> [COLLECTED MATERIAL]

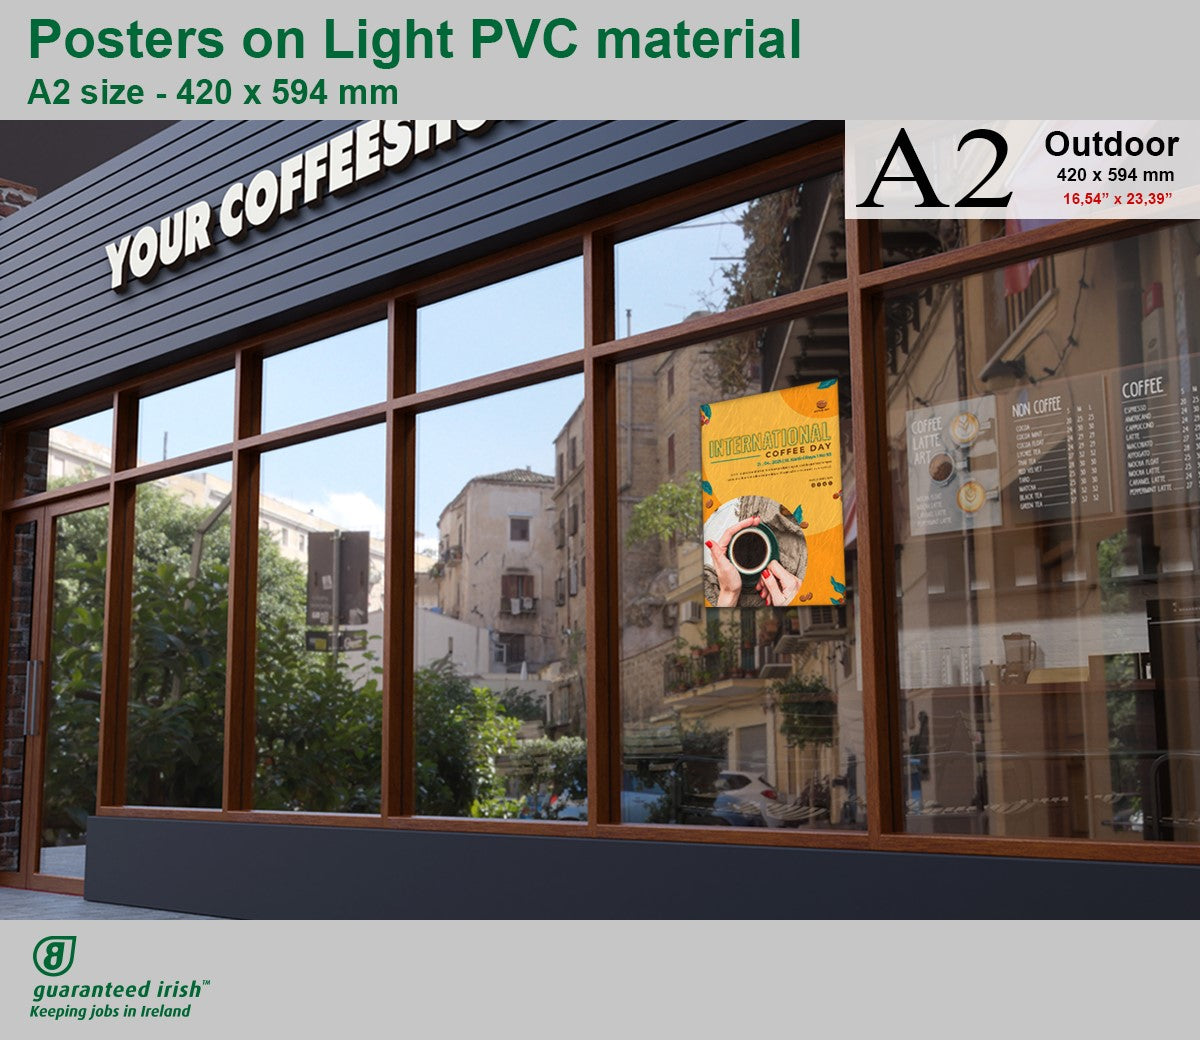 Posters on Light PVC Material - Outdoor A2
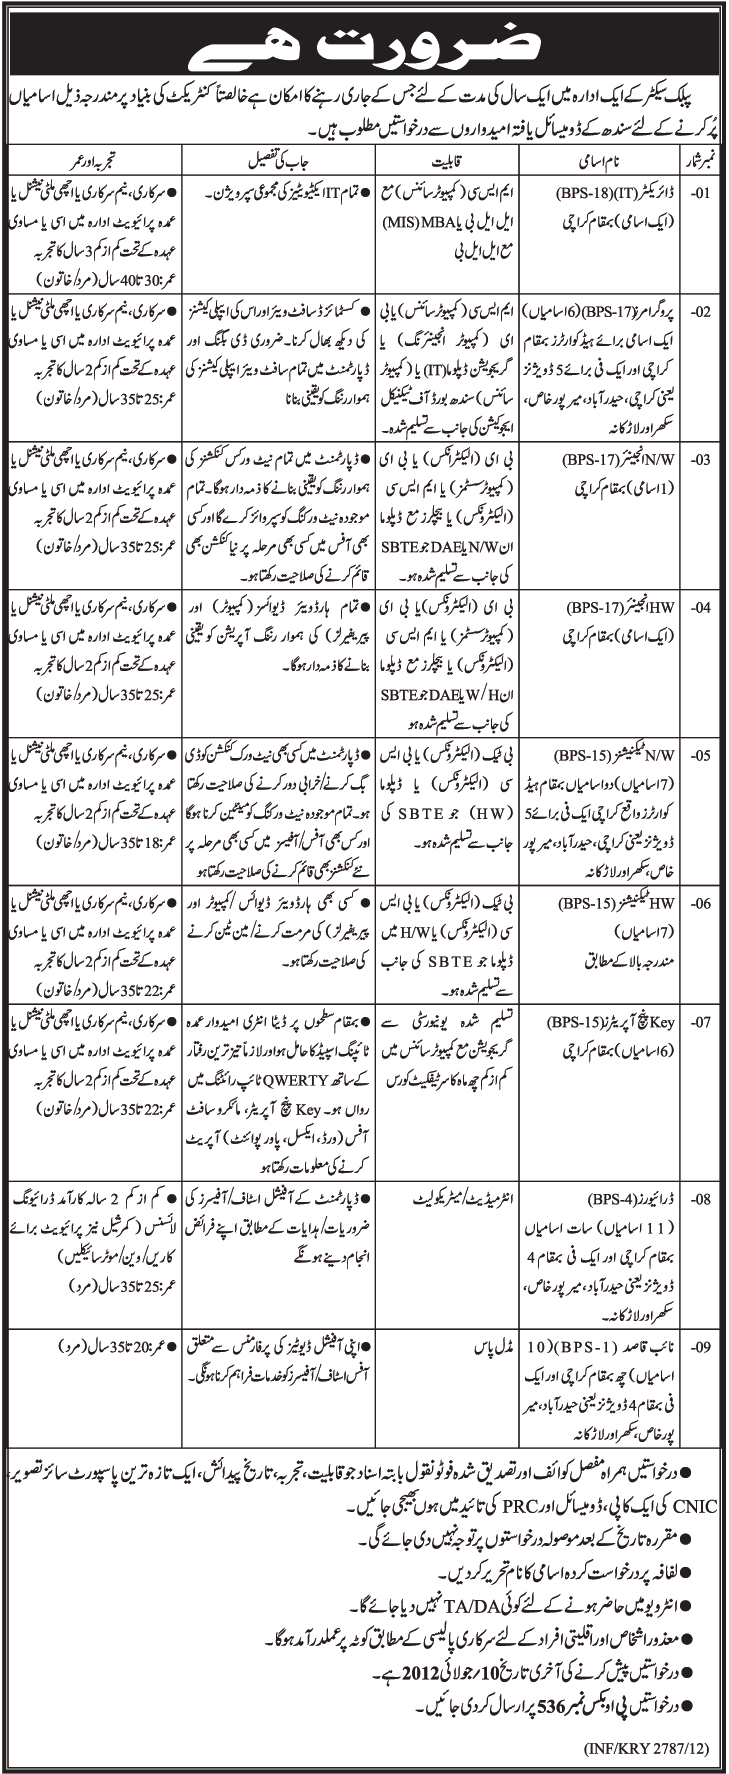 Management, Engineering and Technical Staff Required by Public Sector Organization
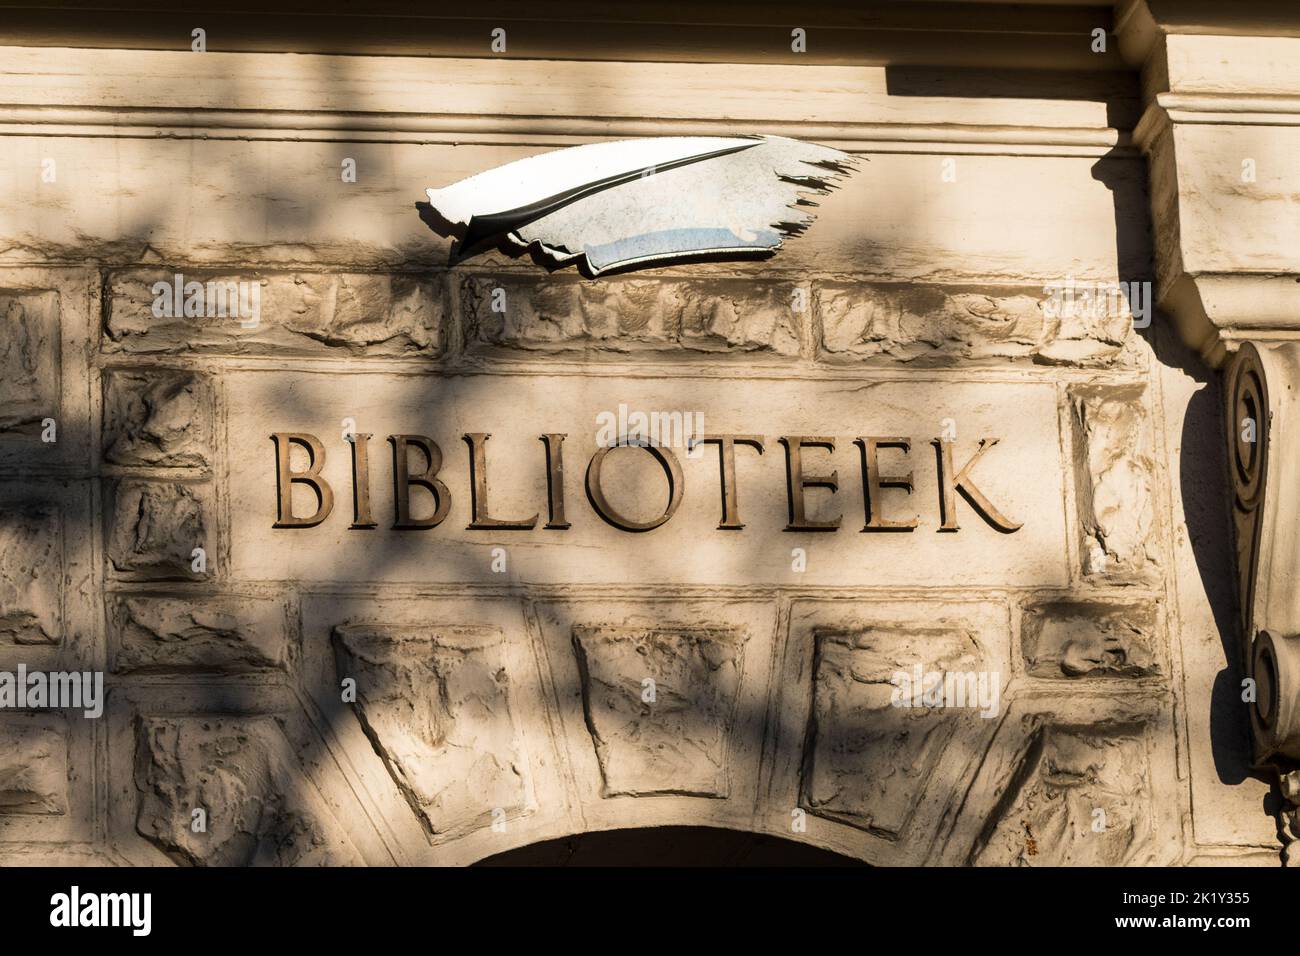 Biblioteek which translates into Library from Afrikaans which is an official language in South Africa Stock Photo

> [EXERCISE OBJECTIVE]
Could you reproduce the data above exactly, without its pictures?

> [RESPONSE BELOW]
 Posters on Light PVC Material - Outdoor A2
 Management, Engineering and Technical Staff Required by Public Sector Organization
 Biblioteek which translates into Library from Afrikaans which is an official language in South Africa Stock Photo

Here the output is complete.